Database indexes are special data structures used to store location for your data so that your read queries can perform faster with in-memory lookup rather than going to disk and checking each record. The indexes prune your lookups so that you get to your result records in as less time as possible.
Keep in mind, building indexes means keeping your index consistent with your disk. This means that writes will now be slower than before because they have to update at 2 places, and data structures used for indexing might take time to update (balancing trees).
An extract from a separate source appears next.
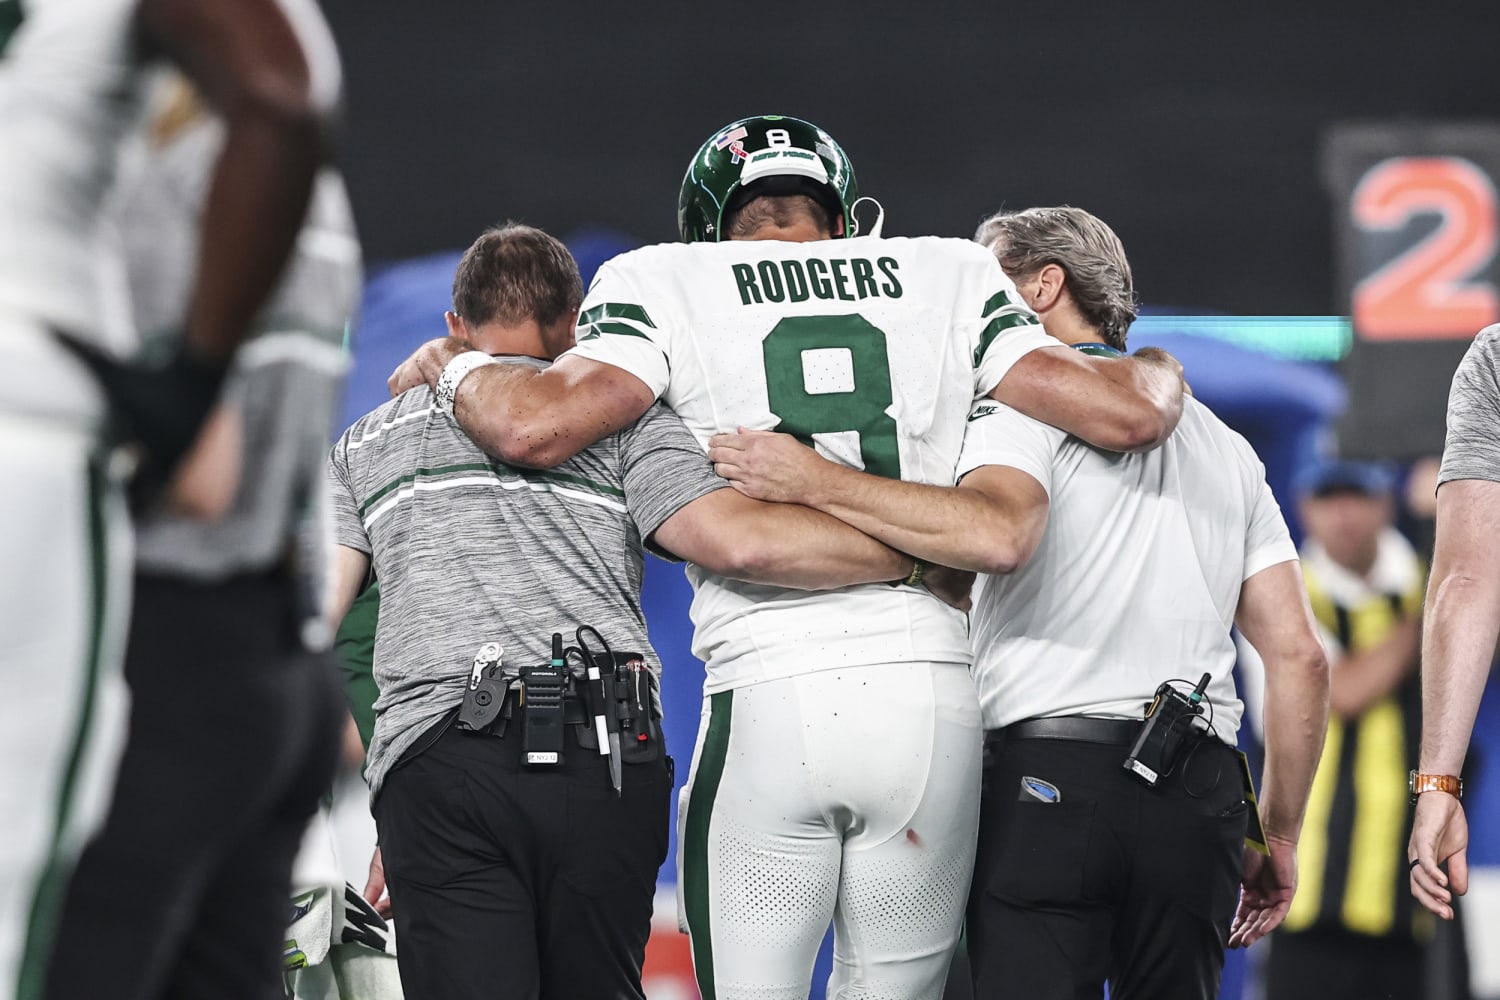 Aaron Rodgers suffers serious injury on the first drive of his New York Jets debut

Types of Indexes in MongoDB
Let's see the various types present in Open Source MongoDB, that means, which are supported by the database out of the box and does not relate to their managed service - MongoDB Atlas or any other cloud service.
Single Field Indexes
Let's say you have a Users collection and you would always need to find users by their age. That is the only query, therefore you'll be building a single field index.
db.Users.createIndex( { age: 1 } )
As you see, we create an index and give it a direction (1) which says it should be an ascending index. Why important? We'll cover that later in compound indexes, but it creates a Sorted Index using B+Trees internally on the field age, and only maintains those documents where this field is present.
As it is sorted, you would know that we can use Binary Search to find the required values in O(logn) which would give us the location of the record we need to fetch from the database.
Yes, B+Trees are BSTs which use Binary Search as a Tree Traversal and not in an Array.
Similarly, if we need all user between a range of ages, we can find the starting and end point, and then travel iteratively to access all records one by one.
Remember, B+Trees also have a linked list type of relationship with all leaf nodes, hence traversal is O(n)
Compound Indexes
Now, let's say we need to have a different query where we need to find all users by their age as well as country. Now, we can't create 2 indexes one on each of the field. Why so? Because a query can always use only 1 index at a time.
Think of the Tree, when you traverse the tree and reach at the lead node, you can't switch to another tree as you won't have context for the AND clause (country AND age).
To do this, we create a single index with multiple fields, saying that we will include both age and country in it.
db.Users.createIndex( { age:1, country:1 } )
Now, the order of these are very important. Let's take another example where need to query on name of the User too (in the same query) -
db.Users.createIndex( { age:1, country:1, name:1 } )
Now, the magic of this index is that it can solve 3 types of queries which can include these columns - [age, country, name] or [age, country] or [age].
Do you see a pattern here? Any prefix of this index can also be used to answer some queries. Why is it so? This is because when we build this index using B+Trees, the first field (age) will have its own B+Tree, then the leaf nodes will point to root of another B+Tree (based on country) and then name. This way, the tree under the leaf of [age=10 and country=India] will only contain those names which already satisfy these 2 conditions..!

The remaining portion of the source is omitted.